The image was already digital. Why were they still counting manually?
He said that today, AI can do it much faster and more accurately: AI can complete all fracture identifications in one second;
From the same image, it can also identify other potential problems, such as lung shadows and liver lesions, without missing anything.
He said:
"When we're looking at one or two things, AI can see a dozen."
In cancer surgery, the value of AI is even more obvious.
The best surgeons use a microscope to see if they've cut into cancer cells. AI's vision is already at the microscopic level and can make precise cuts between healthy cells and cancer cells.
✅ In agriculture, AI can grow smarter wheat
Ellison said that they collaborated with a project team from the University of Oxford to do something that almost no one had thought of before:
"We modified a type of wheat to produce 20% more grain on the same area of land."
This isn't just a gimmick about genetic modification. It's using an AI model to simulate "how to design more efficient photosynthesis."
What's even more special is that this wheat absorbs more carbon dioxide. We can control it to convert this carbon into calcium carbonate, which is to stably solidify it into minerals and reduce atmospheric carbon emissions.
In the past, carbon neutrality was achieved through accounting. Now, it can be achieved directly through farming.
✅ Pathogen identification can produce results in just a few minutes
He said that traditionally, it takes several days to culture bacteria to detect what disease a person has.
Now, they're developing an AI device. With a tube of blood, it can:
- Identify what viruses, bacteria, and fungi are present;
- Determine whether they're drug - resistant;
- Give suggestions on what medicine to use.

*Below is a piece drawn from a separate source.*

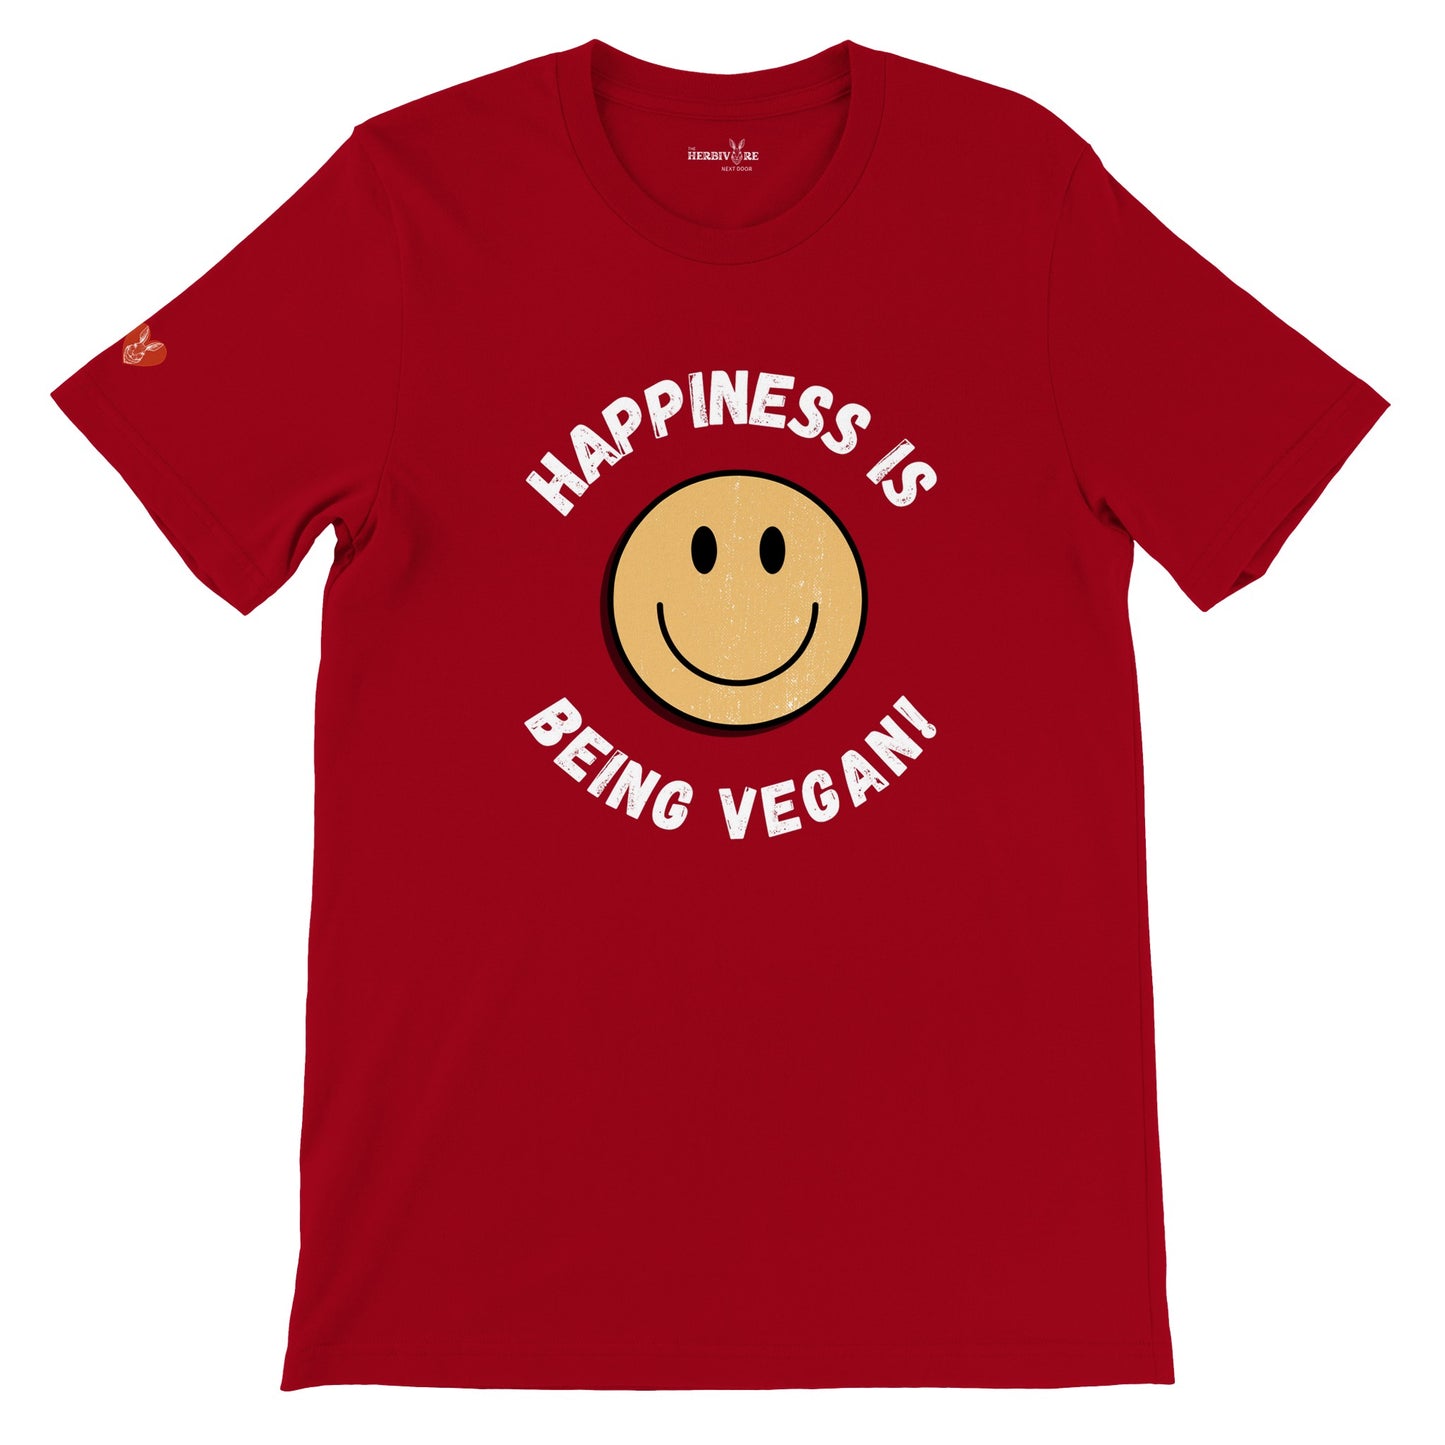 Happiness is - Unisex

Even for new viruses like COVID back then, this device can identify them immediately.
This isn't just about saving one person. If every hospital in the world had this device at that time, we would have detected the epidemic weeks earlier.
✅ AI isn't just observing; it's also starting to act
Ellison also talked about another project they're working on:
"We're using drones to transport blood samples from clinics to laboratories. The whole process uses RFID for secure identification, and there are no lost items."